> **TASK STATEMENT**: All lines in the records below from the line with "Arjun Azad SMAT" through the line with "FILE - In this" are to be given again exactly, both ends included; the pictures are to be left out.

> **DATA FOR REVIEW**:
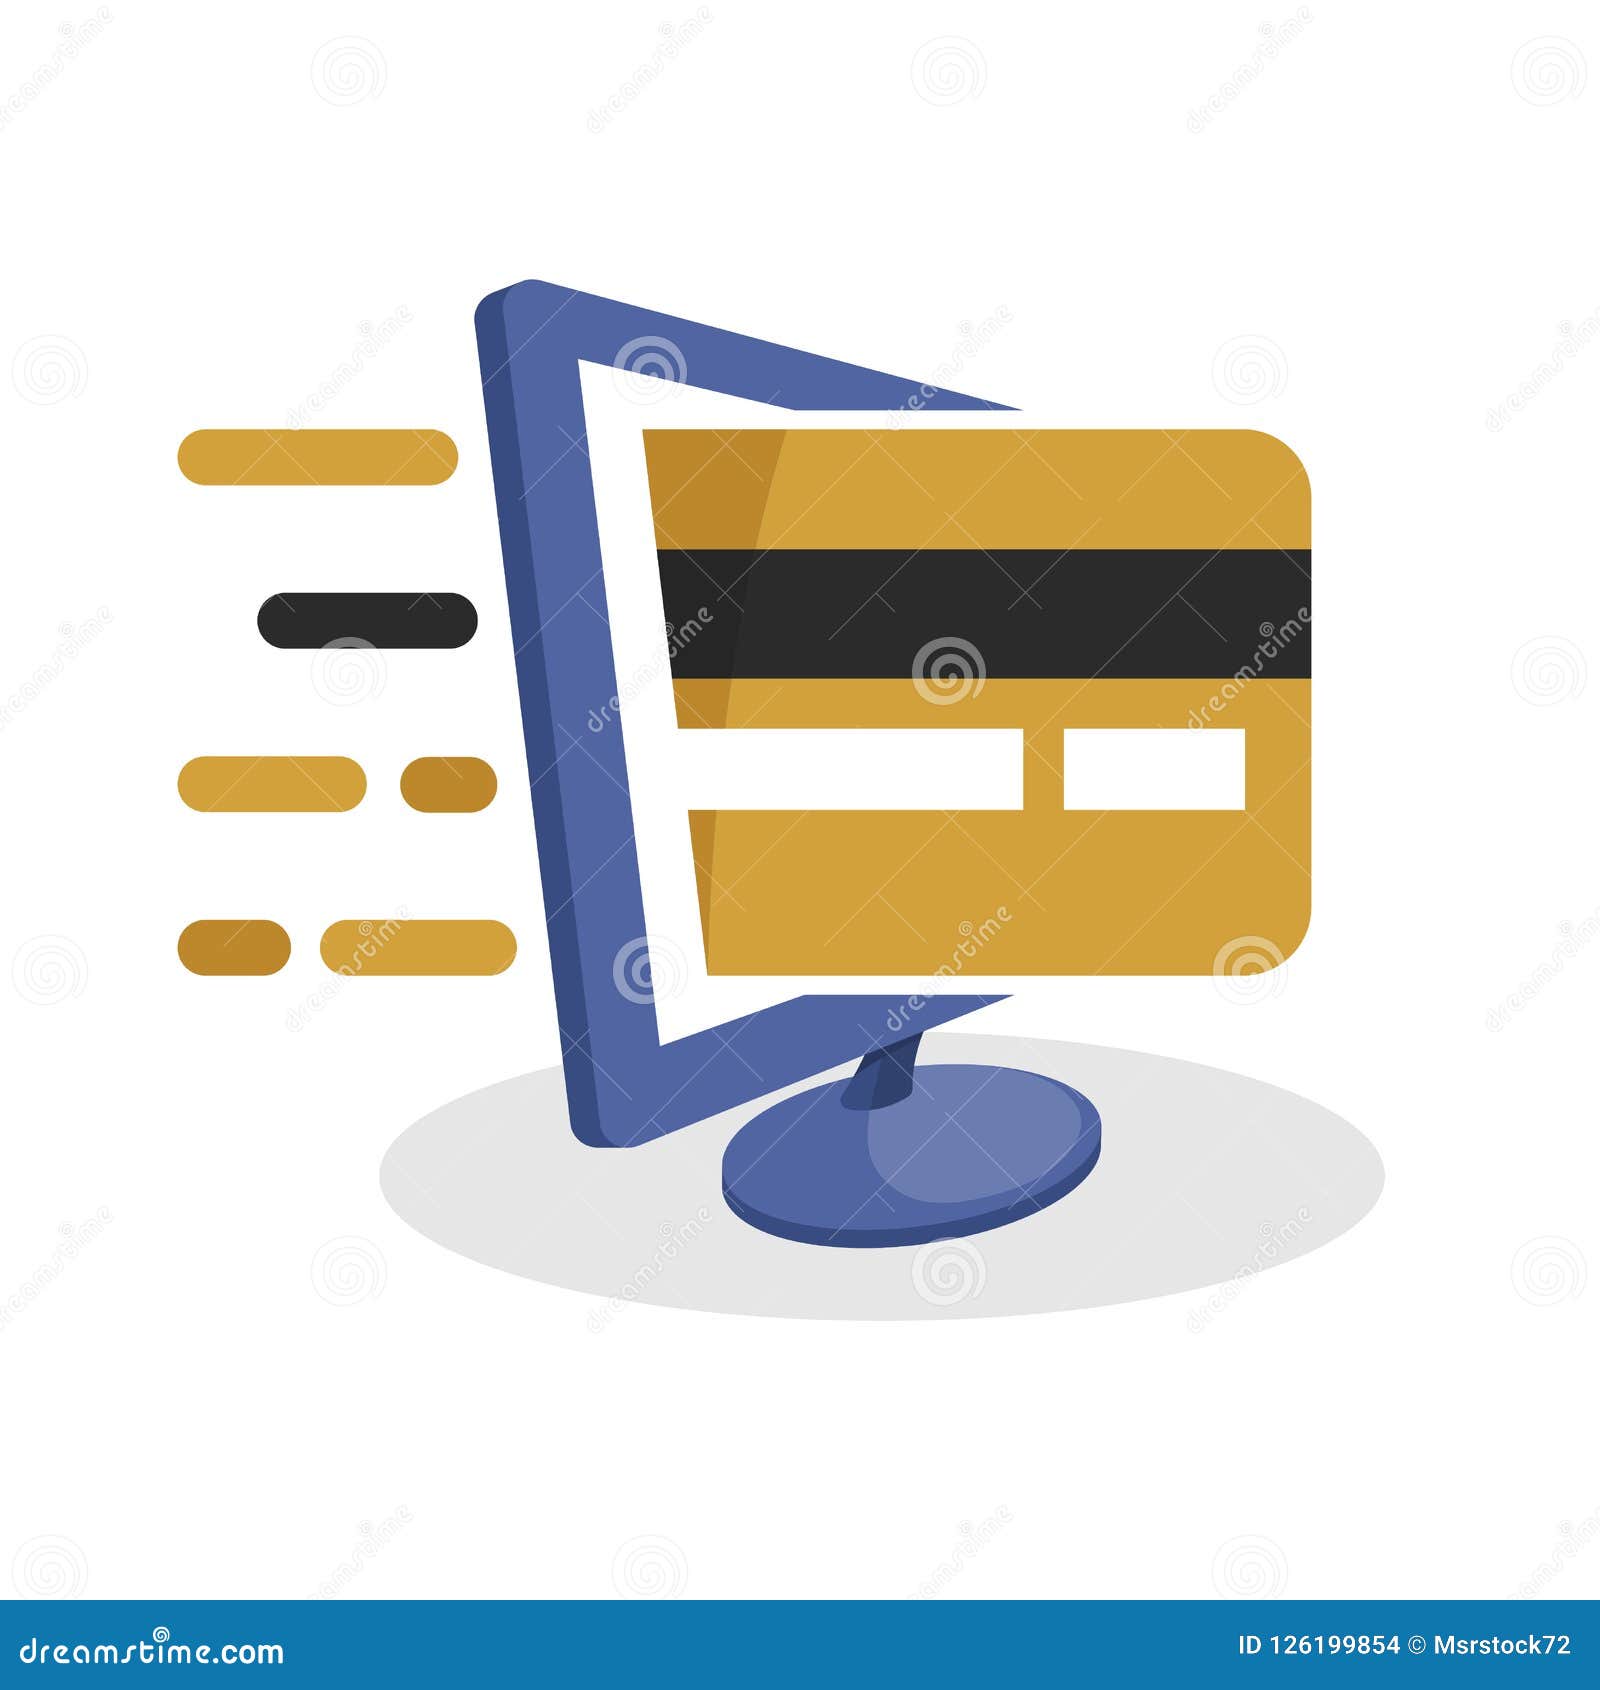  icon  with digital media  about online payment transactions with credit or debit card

---

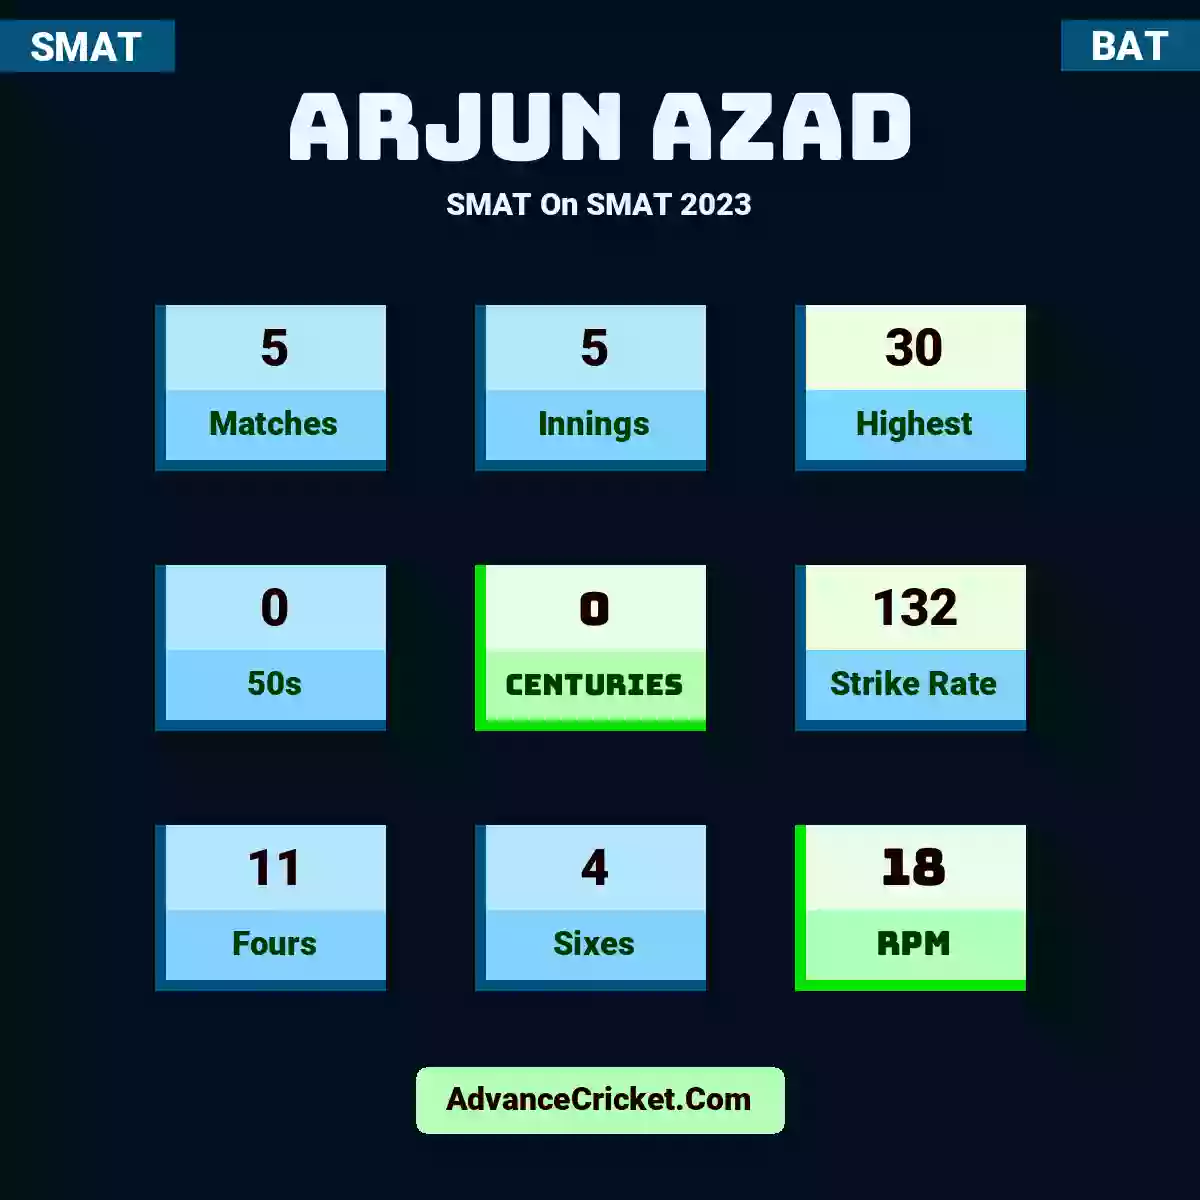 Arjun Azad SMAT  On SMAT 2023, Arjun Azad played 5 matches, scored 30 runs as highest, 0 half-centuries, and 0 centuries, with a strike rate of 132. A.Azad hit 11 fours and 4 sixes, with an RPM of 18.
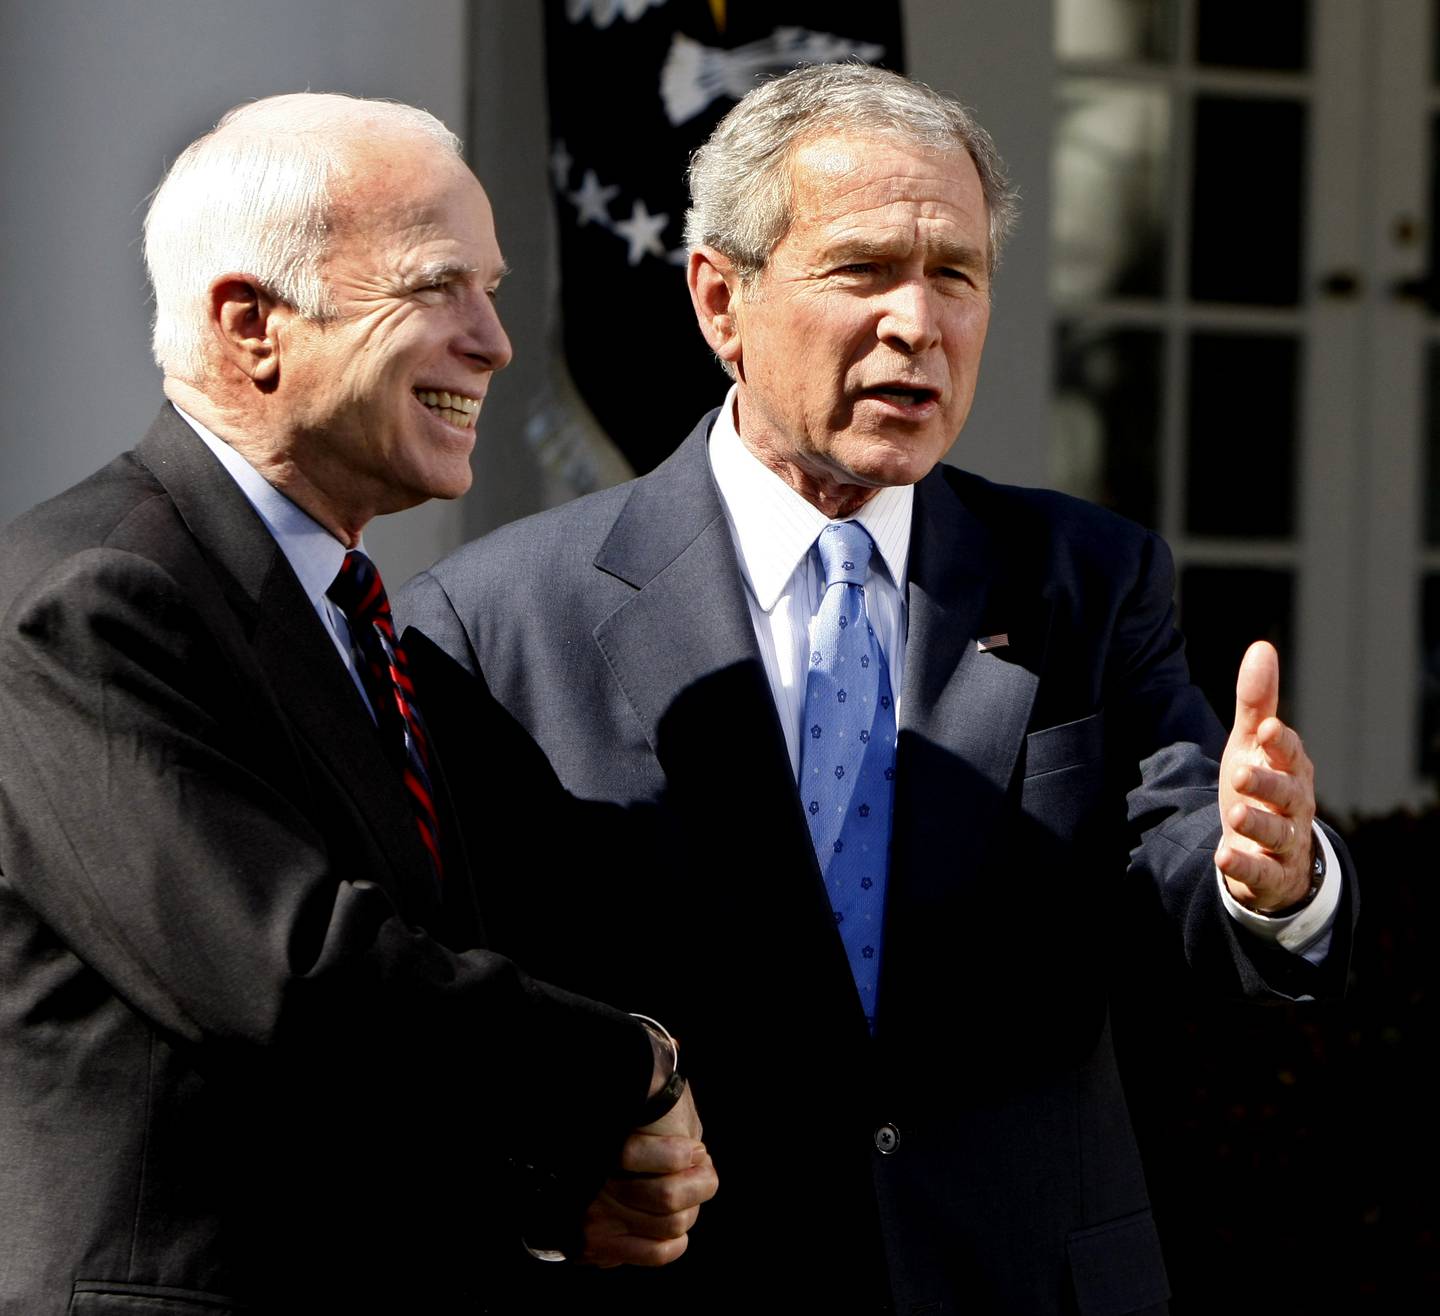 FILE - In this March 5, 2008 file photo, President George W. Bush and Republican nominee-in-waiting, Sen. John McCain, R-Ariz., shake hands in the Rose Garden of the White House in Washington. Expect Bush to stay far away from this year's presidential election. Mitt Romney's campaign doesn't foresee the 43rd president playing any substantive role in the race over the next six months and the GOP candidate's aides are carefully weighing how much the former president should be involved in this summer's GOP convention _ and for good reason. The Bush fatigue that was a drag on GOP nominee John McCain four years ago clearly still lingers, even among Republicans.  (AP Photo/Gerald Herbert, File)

--

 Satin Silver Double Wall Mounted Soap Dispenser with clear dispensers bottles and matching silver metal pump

> **EXERCISE OUTPUT**:
 Arjun Azad SMAT  On SMAT 2023, Arjun Azad played 5 matches, scored 30 runs as highest, 0 half-centuries, and 0 centuries, with a strike rate of 132. A.Azad hit 11 fours and 4 sixes, with an RPM of 18.
 FILE - In this March 5, 2008 file photo, President George W. Bush and Republican nominee-in-waiting, Sen. John McCain, R-Ariz., shake hands in the Rose Garden of the White House in Washington. Expect Bush to stay far away from this year's presidential election. Mitt Romney's campaign doesn't foresee the 43rd president playing any substantive role in the race over the next six months and the GOP candidate's aides are carefully weighing how much the former president should be involved in this summer's GOP convention _ and for good reason. The Bush fatigue that was a drag on GOP nominee John McCain four years ago clearly still lingers, even among Republicans.  (AP Photo/Gerald Herbert, File)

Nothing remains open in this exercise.